Calculus with Parametric Curves: Concavity?

Question

For the following problem, we are asked to find dy/dx, [d^2 * y] / [d * x^2], and to state for which values of t is the curve concave upward.


1. x = t^3 -12t, y = t^2 – 1

(the first equation reads as x equals t cubed minus 12t; the second equation reads as y equals t squared minus 1).

For this problem I got:

2t / [3t^2 – 12] for dy/dx;

[-6t^2 – 24] / [(3t^2 – 12)^3] for [d^2 * y] / [d * x^2];

after setting [d^2 * y] / [d * x^2] equal to 0 I had:

6t^2 + 24 = 0, and thus t^2 = -4;

Assuming I did all of this right so far, does this mean that the function does not concave upward anywhere because the square root of negative 4 is a non-real answer, or does is still concave up somewhere? Please explain which is the case and why, and if I did something wrong earlier in the problem (i.e. an algebraic error somewhere), please explain how to do the problem step-by-step.

Answer 1

Congratulations.

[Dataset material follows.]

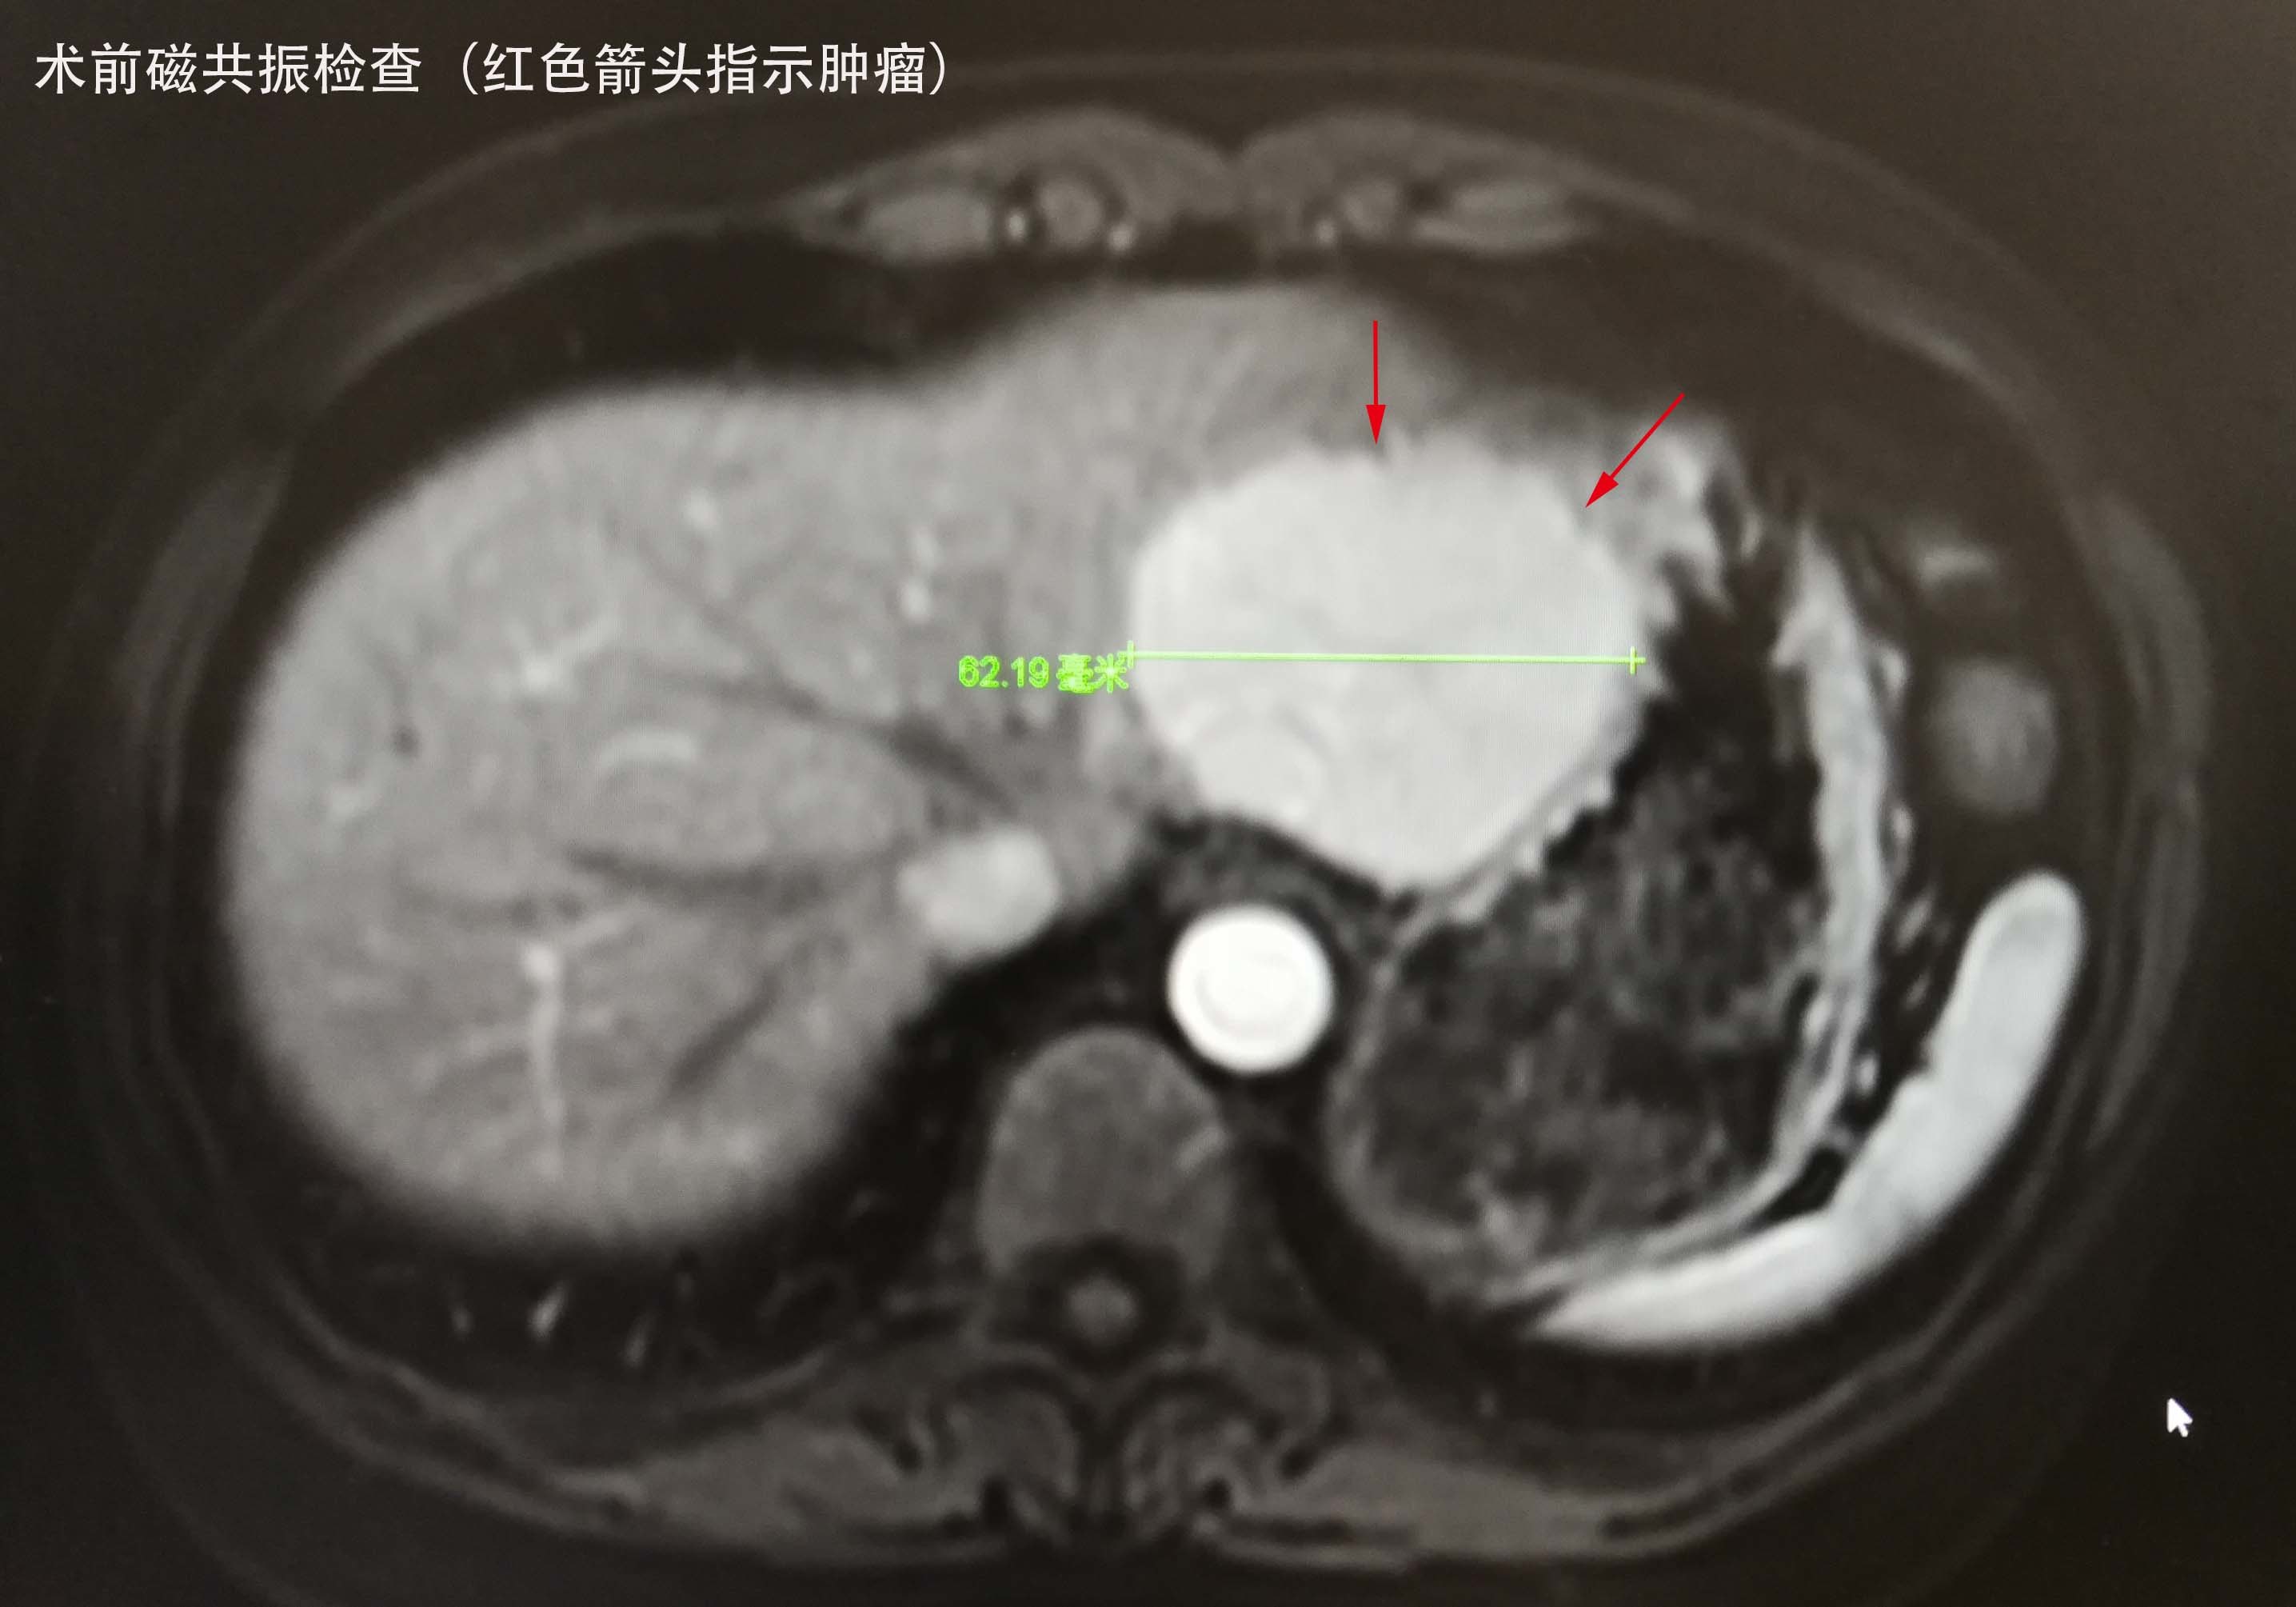 肝肿瘤的腹腔镜微创手术切除一例 - 好大夫在线

You got it mostly right and you didn't make many stupid algebra mistakes. (The only one I found was the denominator for d2y/dx2 should have an exponent of 2, not 3.) You just overlooked a couple of points.

I suggest you check out:
http://www.math.hmc.edu/calculus/tutorials/secondderiv/

and pay careful attention to all the provisos, particularly the ones about "If f'(c) exists" and "if the function f is twice differentiable"

If that didn't help enough, here is a little more help.

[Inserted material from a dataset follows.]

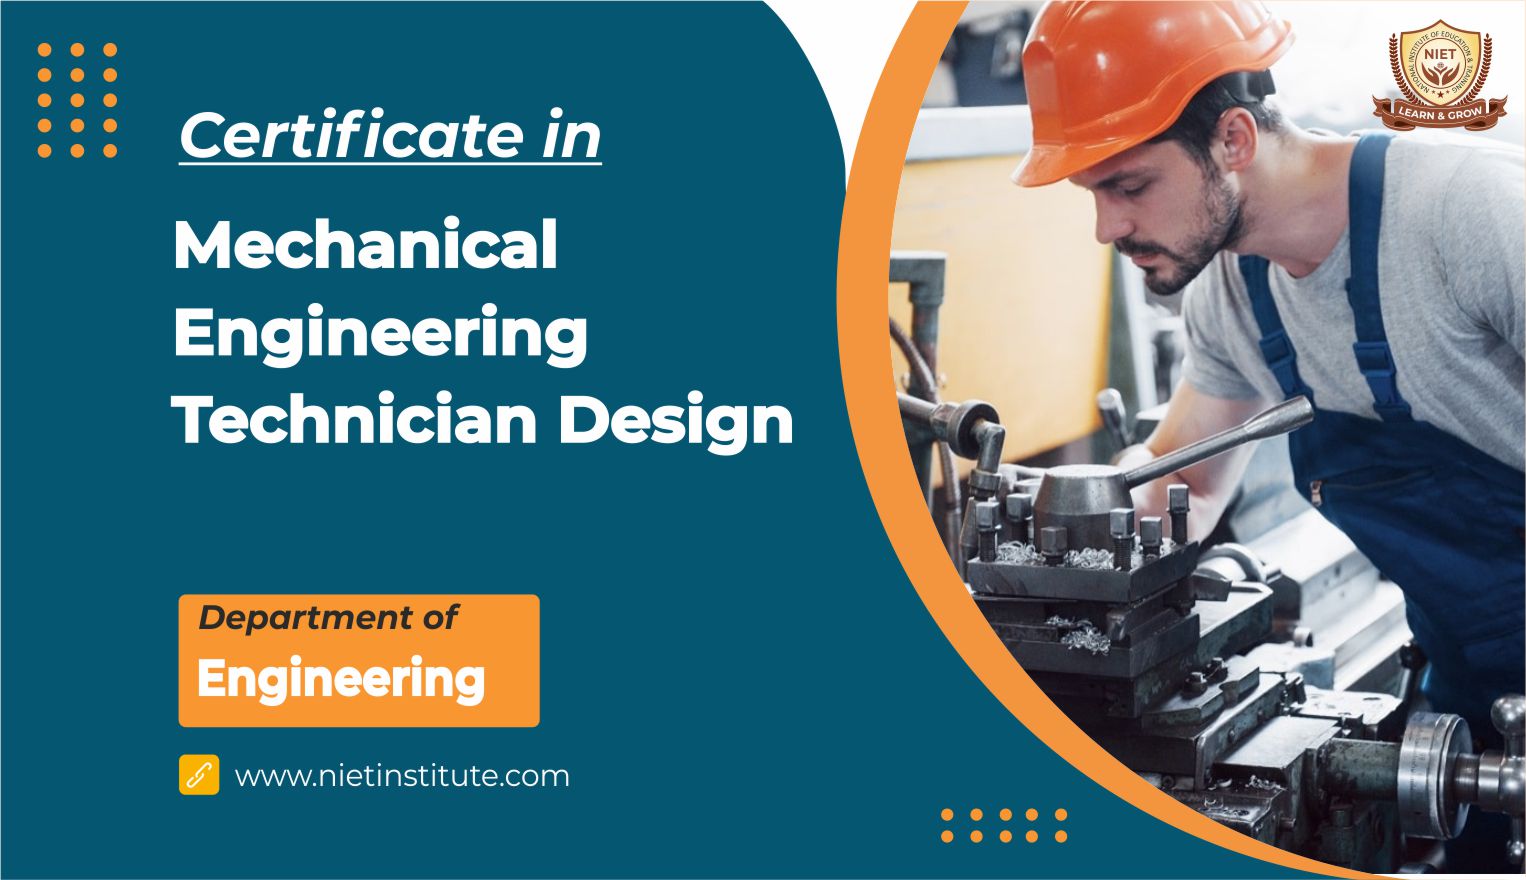 Certificate in Mechanical Engineering Technician Design

If dy/dx = 2t / (3t^2 – 12), then dy/dx is not defined when x^2 = 4. That is, the denominator is 0 and so you can't divide by it.

Similarly, if d2y/dx2 = (-6t^2 – 24) / ((3t^2 – 12)^2), the denominator is 0 at t^2 = 4 so, again, this derivative is not defined at these two points.

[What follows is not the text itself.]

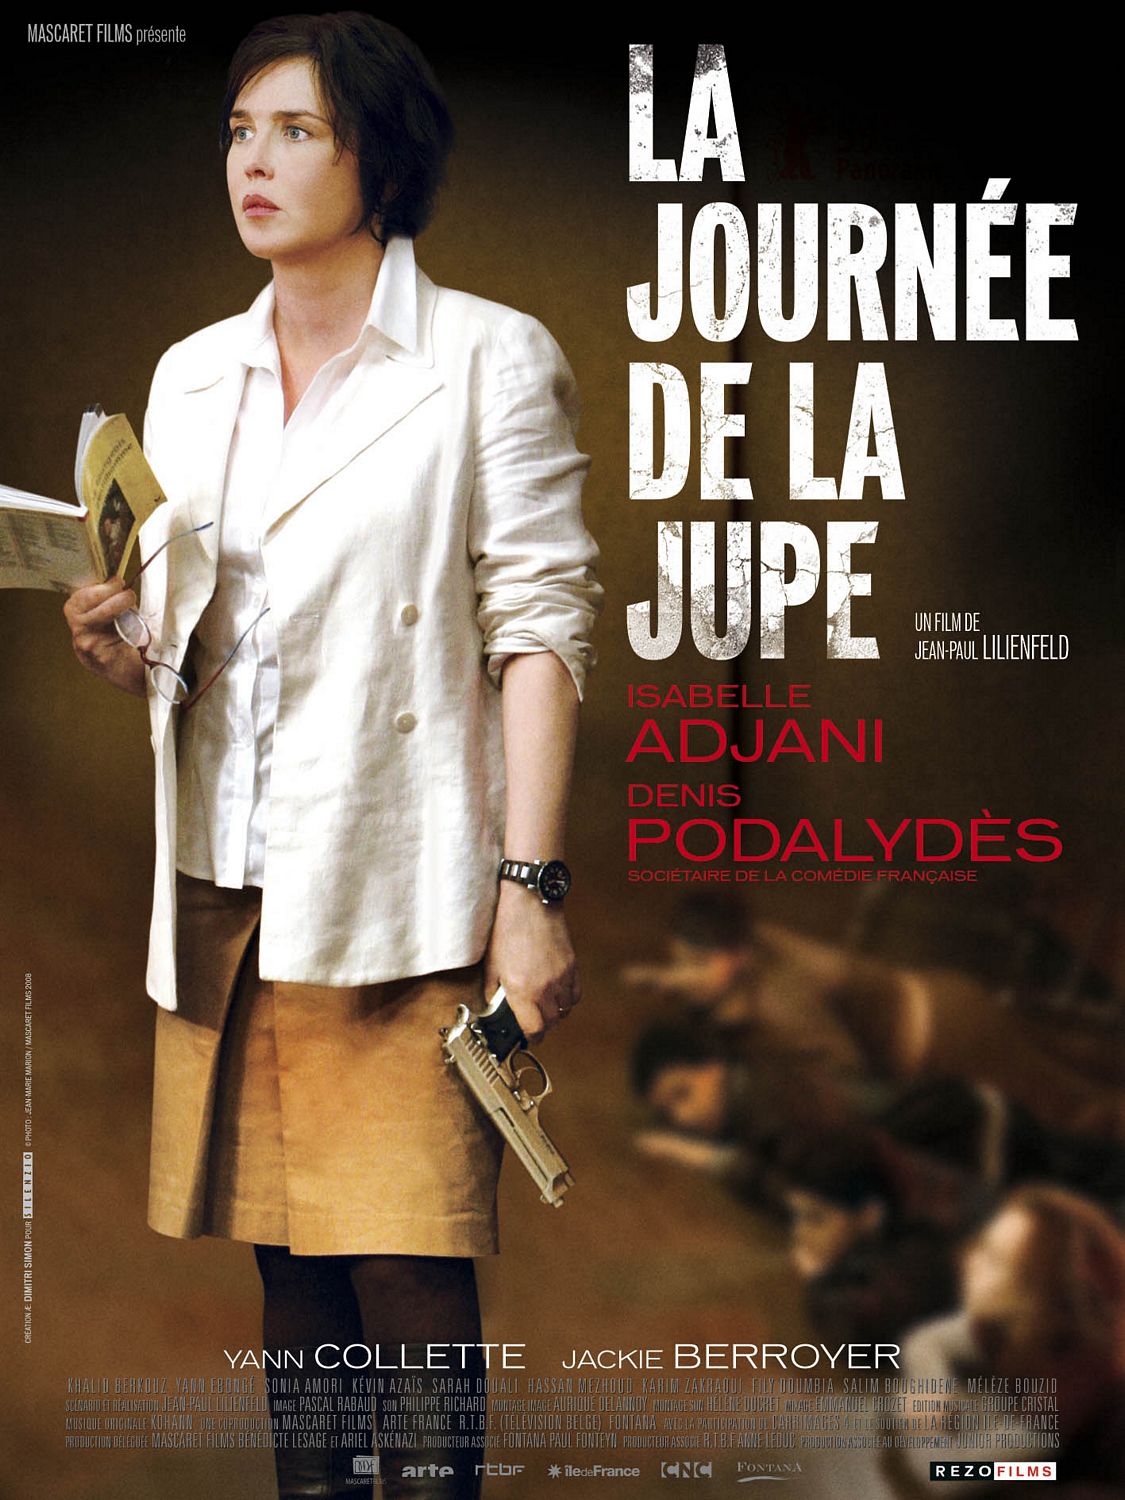 Extra Large Movie Poster Image for Journée de la jupe, La

Therefore, these two points could be inflection points without violating the theorems.

As for how to do this specific problem, the first thing to notice is that x is an odd function of t and y is an even function of t. That means that a plot of will be symmetric about the Y axis.

The second thing to notice is that when t gets large, x(t) grows as t^3 while y(t) will grow as t^2. That means that y(x) will look like x^(2/3) which is concave down.

By symmetry, the same is true when t gets very small (i.e. goes very negative.

So the area of interest is in the middle, where the 12t term has an influence.

I suggest you evaluate x and y for t = 0, +/-1, +/-2, +/-3, and +/-4. (By symmetry, you only have to calculate for t >= 0 and then adjust the signs for the t < 0 values.) Then plot and look. I think you will see the answer immediately.

HTH.